Big Pharma has all kinds of products to help you quit smoking…
You can try chewing nicotine gum to reduce cravings. You can wear nicotine patches. Or you can try smoking cessation drugs like Chantix (varenicline) or Zyban (bupropion).
The problem is that none of these methods work very well.
A 2016 study in the Journal of the American Medical Association found that only 19-27% of smokers can successfully quit using nicotine replacement or medications.
A new study shows there may be a better way to kick the habit. It increases the success rate nearly six-fold.
The research was presented at EuroPrevent 2019. It’s an annual meeting of the European Society of Cardiology. Scientists looked at the impact that significant others have on people trying to quit smoking.
The researchers found that couples who attempted to quit smoking together were 5.83 times more likely to be successful than people who tried to quit solo.
Professor Magda Lampridou was the study author.
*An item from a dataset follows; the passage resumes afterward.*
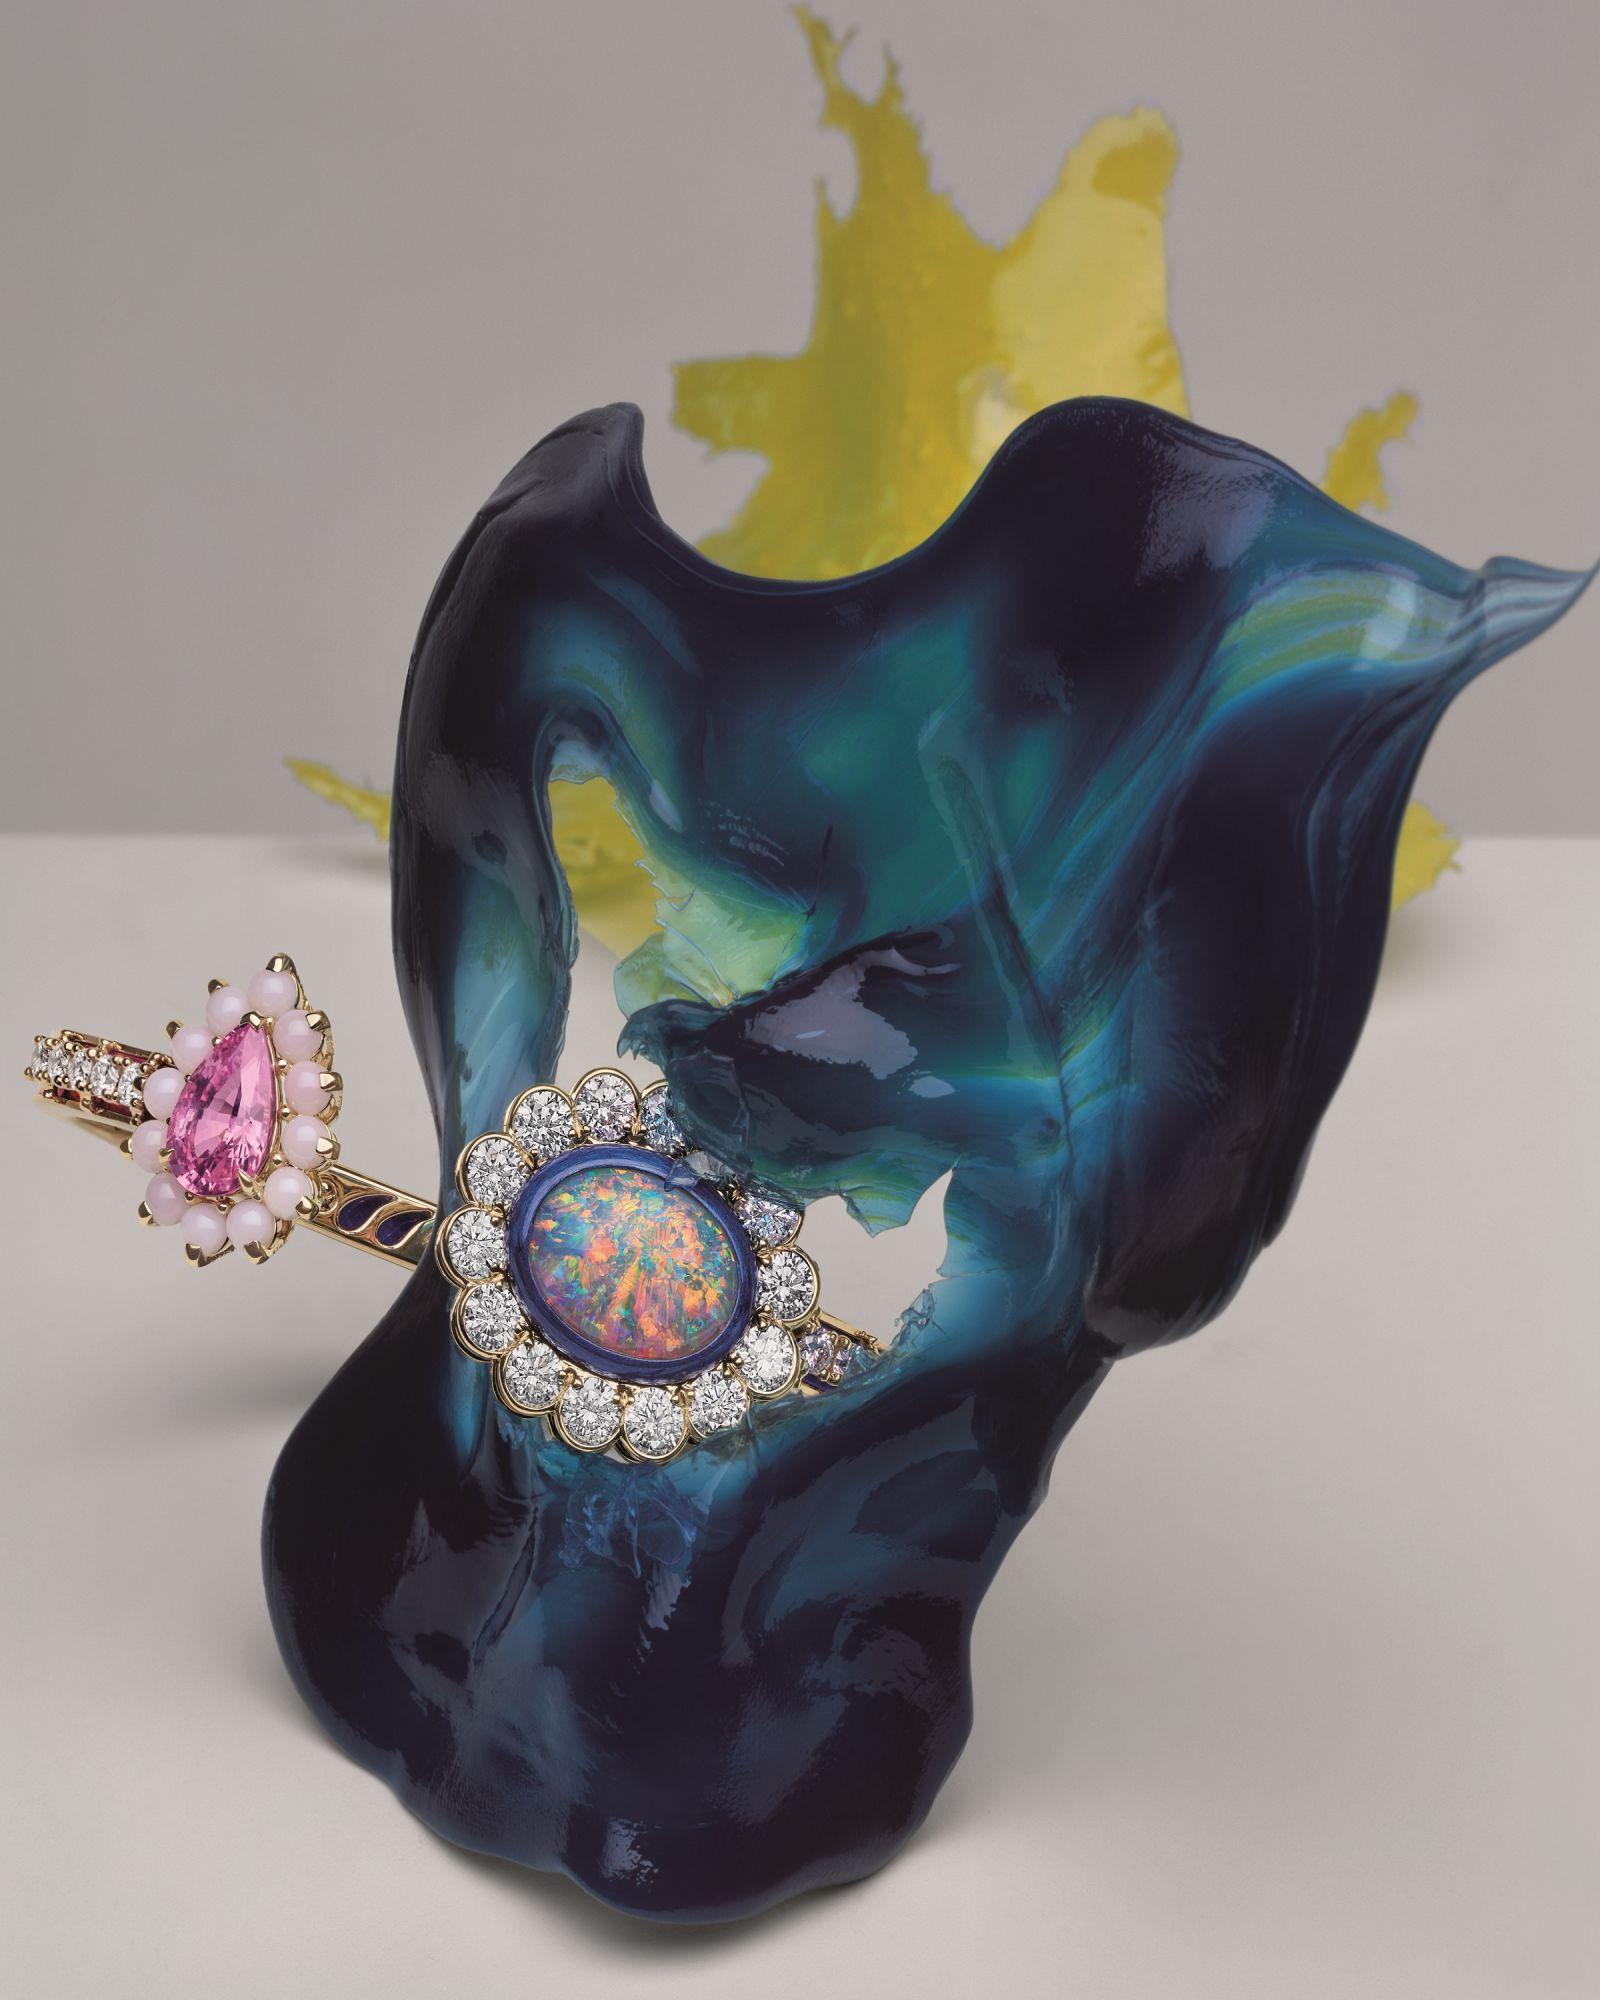 Dior Presents New Haute Joaillerie Collection, Dior Et Moi—A Romantic Revival

She said, “Quitting smoking can be a lonely endeavor.”
When people attempt to quit with a partner, they can “distract each other from the cravings.”
They can also encourage replacement activities, like “eating healthy food or meditating when alone.”
Team Up to Quit Smoking
The bottom line?
If you want to quit, find someone to quit with you. It doesn’t have to be a spouse. It can be a friend or anyone else that you see regularly. The important part is that you make a pact with a fellow smoker who wants to quit and that you support each other.
You’ll have a far better chance to end your cigarette addiction than if you go it alone or use one of Big Pharma’s ineffective products.